TASK OBJECTIVE.
Leave out the images and repeat the listing below without a single change.

STORED DATA.
********
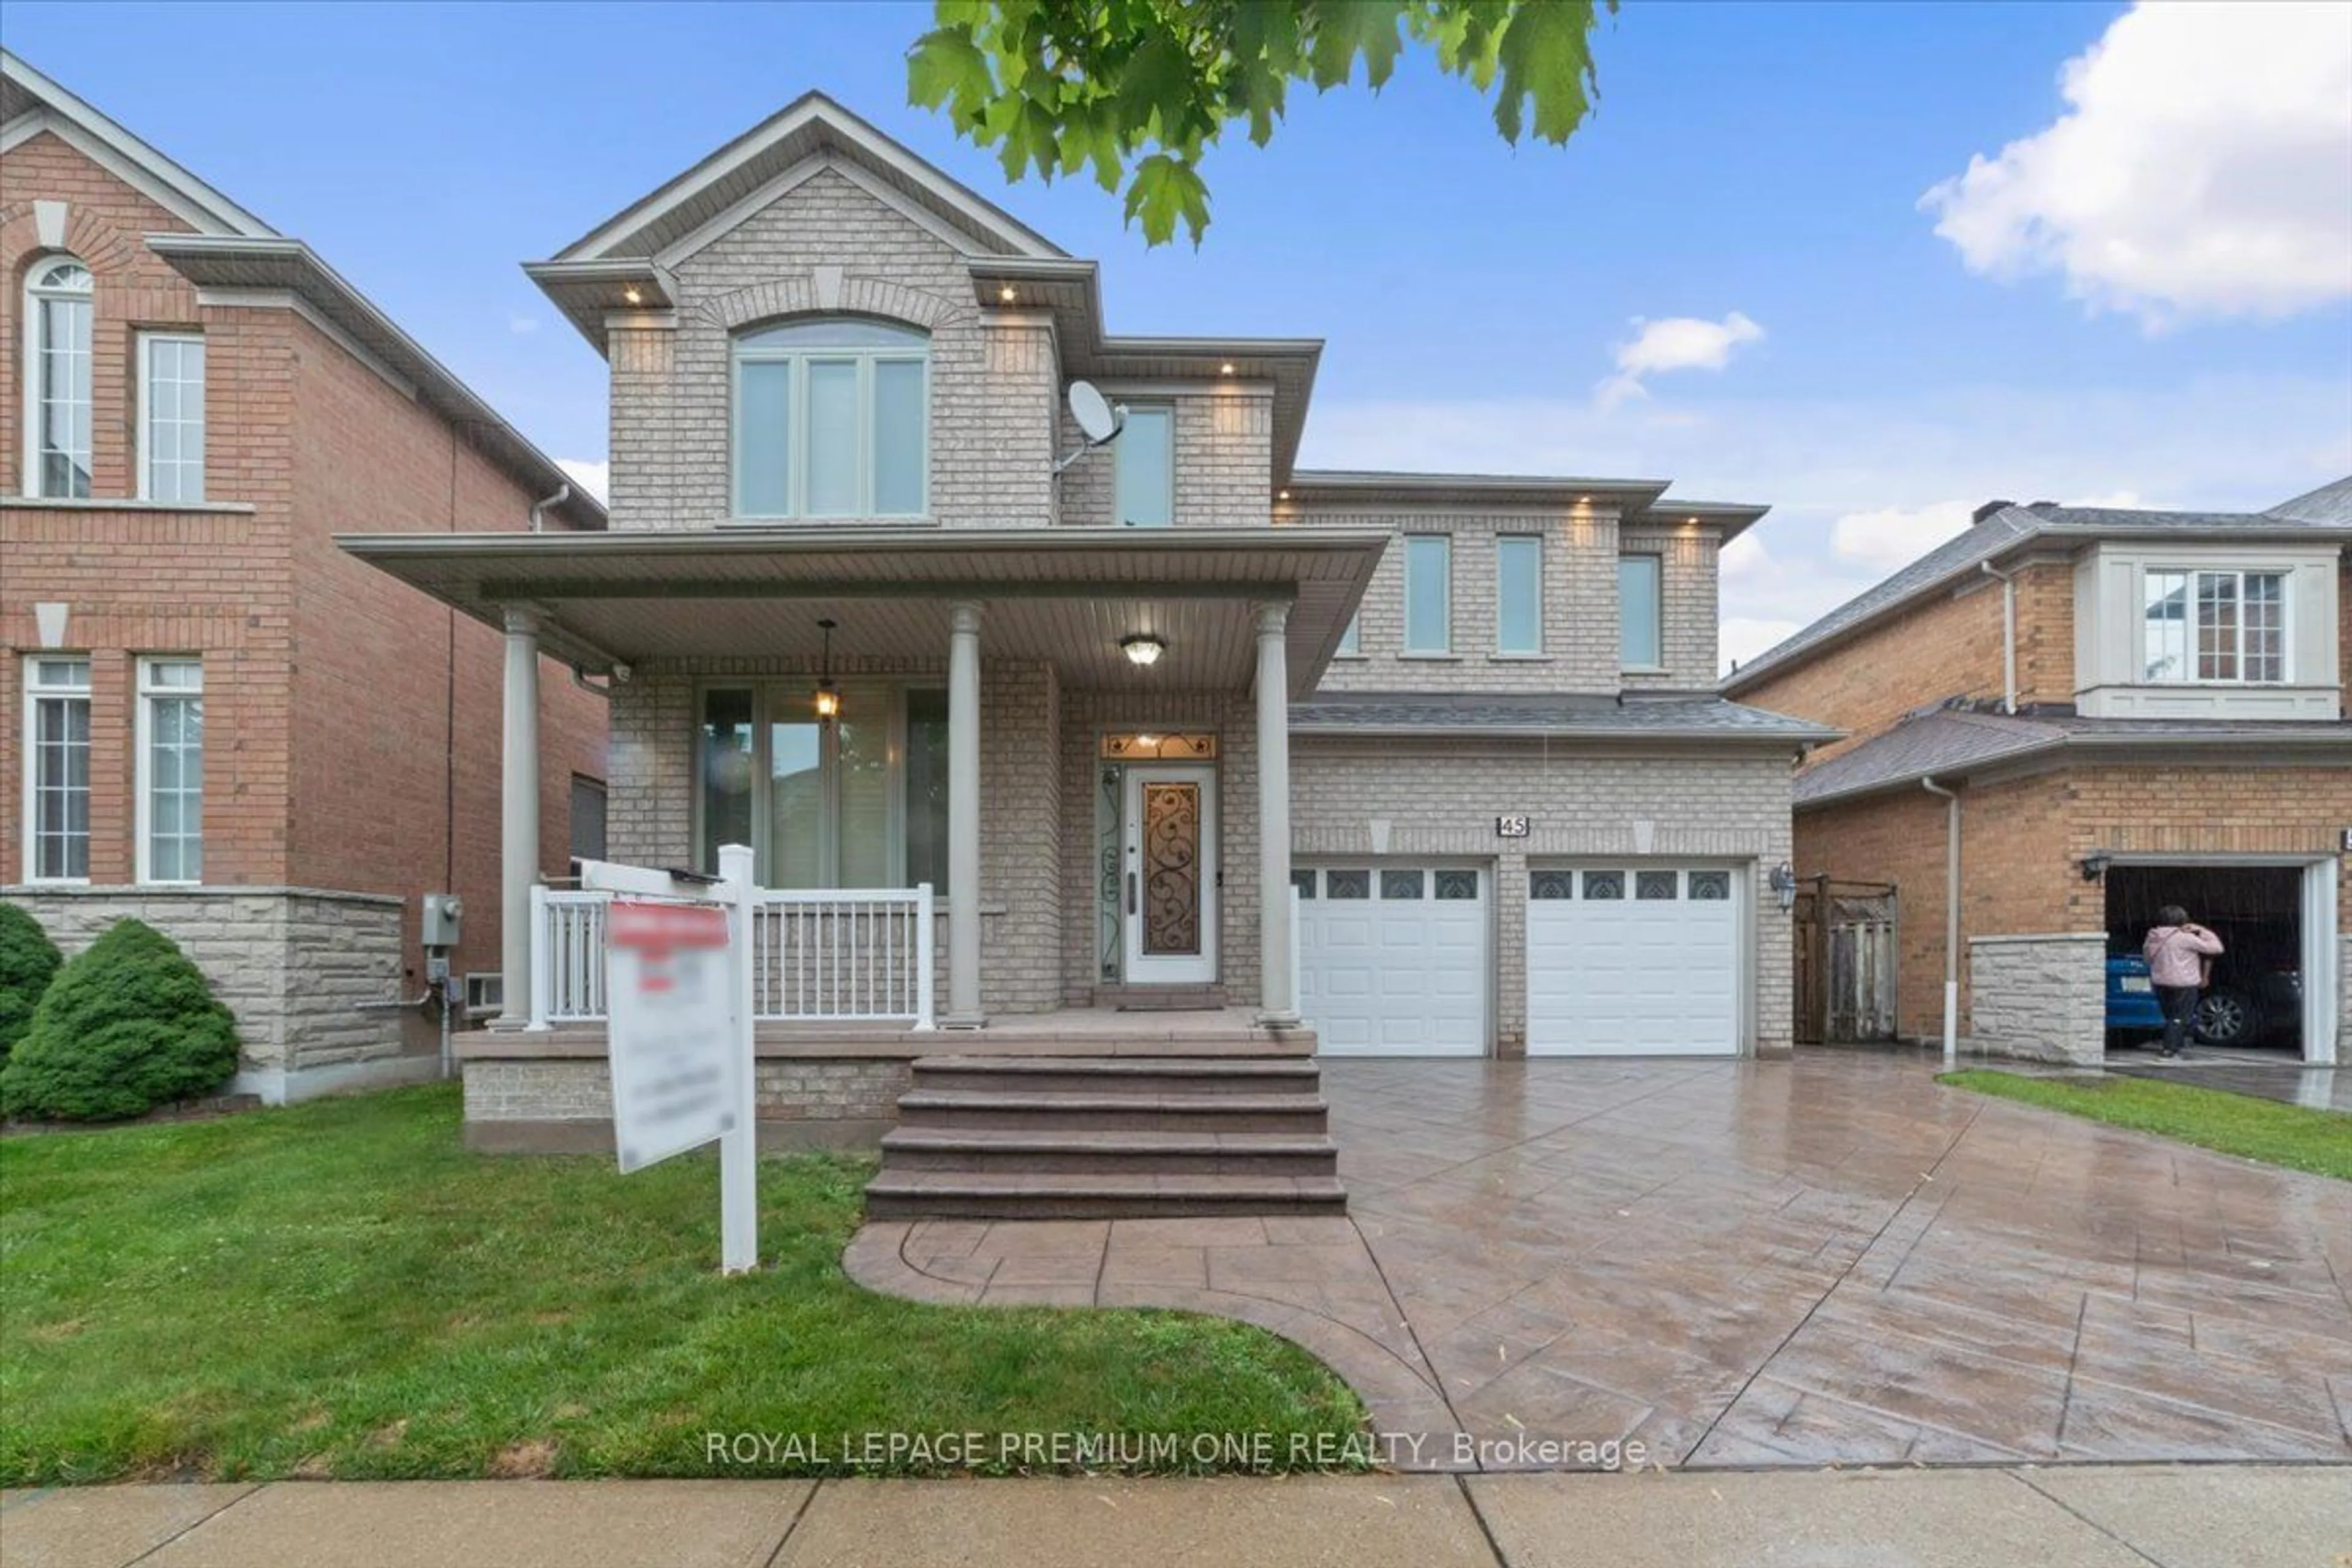 Home with brick exterior material for 45 Forecastle Rd, Vaughan Ontario L4K 5J1
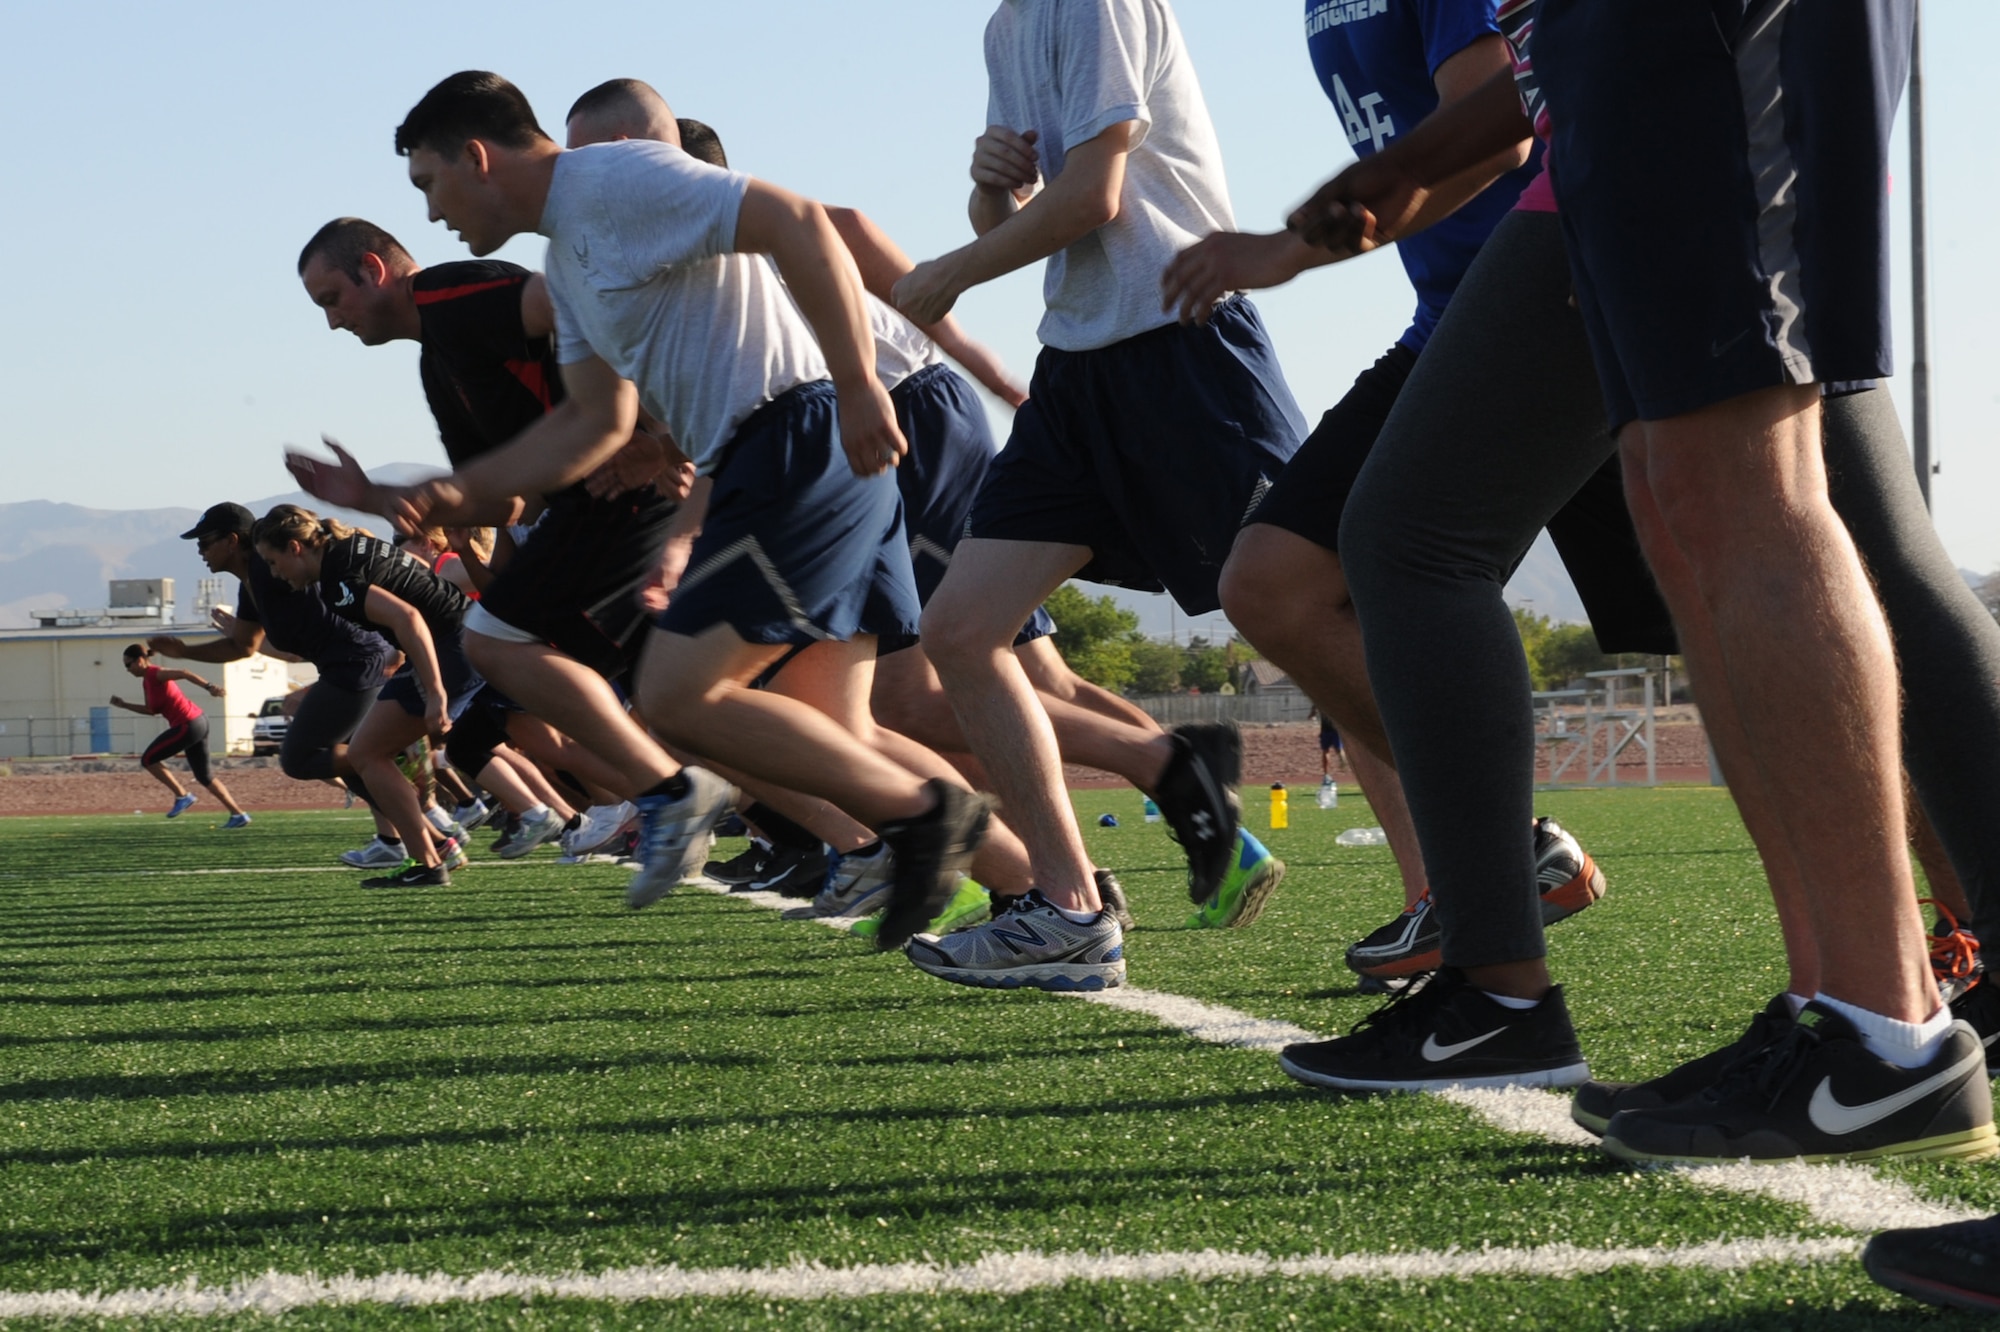 Members of the Nellis community sprint across the Warrior Fitness Center football field during a Warrior Trained Fitness workout June 12, 2014, at Nellis Air Force Base, Nev.  The WTF exercise session was the last to be hosted by Missy Cornish, wife of Col. Barry Cornish, 99th Air Base Wing commander. (U.S. Air Force photo by Tech. Sgt. Taylor Worley)
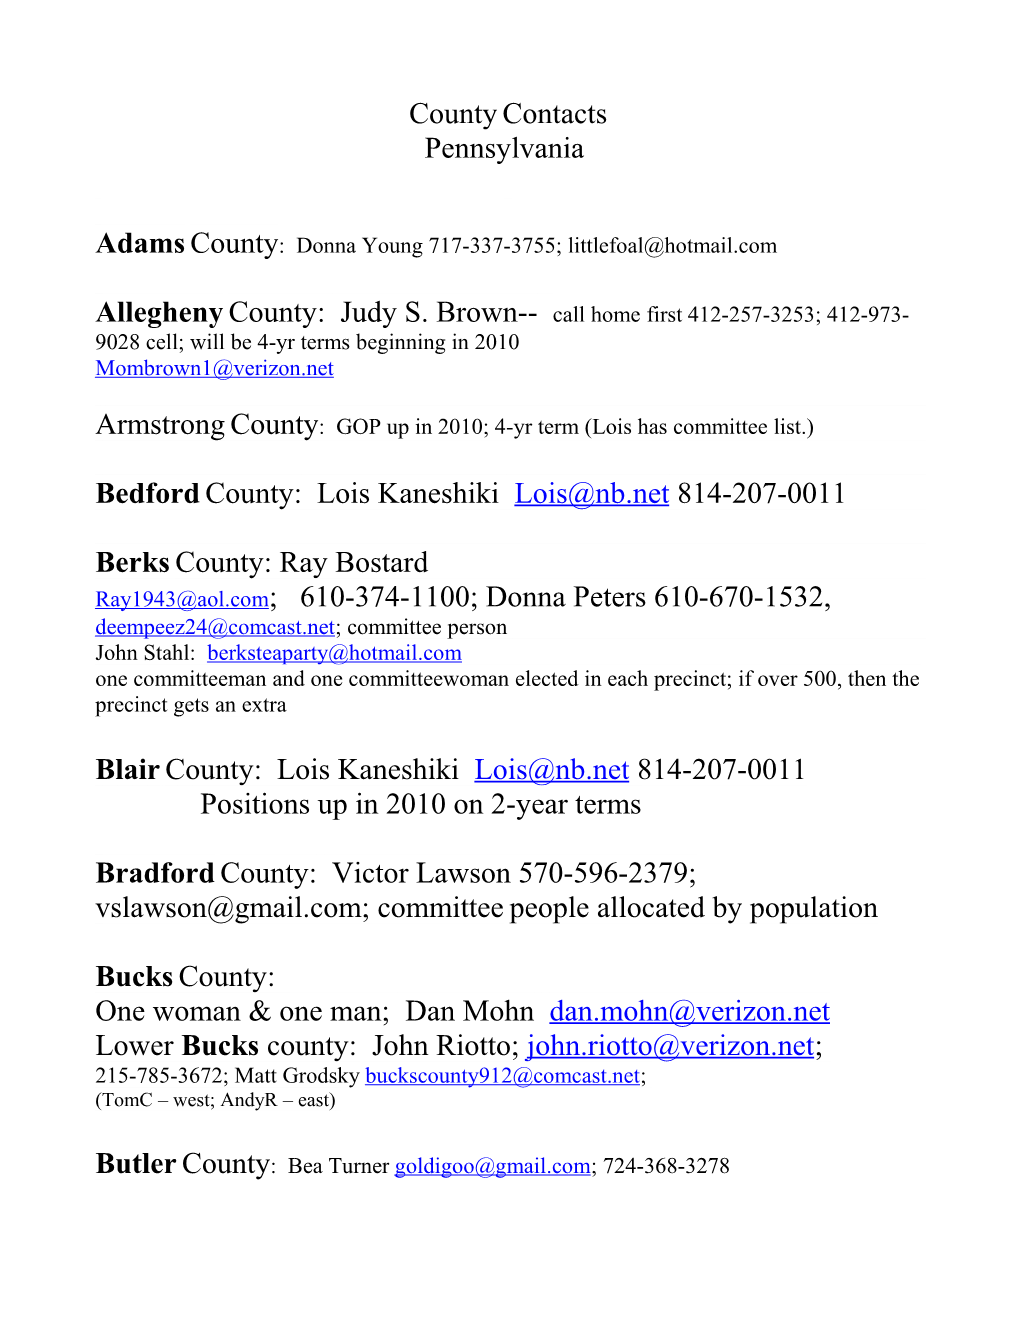 County and Congressional District Contacts
********
SOLUTION TO THIS EXERCISE.
 Home with brick exterior material for 45 Forecastle Rd, Vaughan Ontario L4K 5J1
 Members of the Nellis community sprint across the Warrior Fitness Center football field during a Warrior Trained Fitness workout June 12, 2014, at Nellis Air Force Base, Nev.  The WTF exercise session was the last to be hosted by Missy Cornish, wife of Col. Barry Cornish, 99th Air Base Wing commander. (U.S. Air Force photo by Tech. Sgt. Taylor Worley)
 County and Congressional District Contacts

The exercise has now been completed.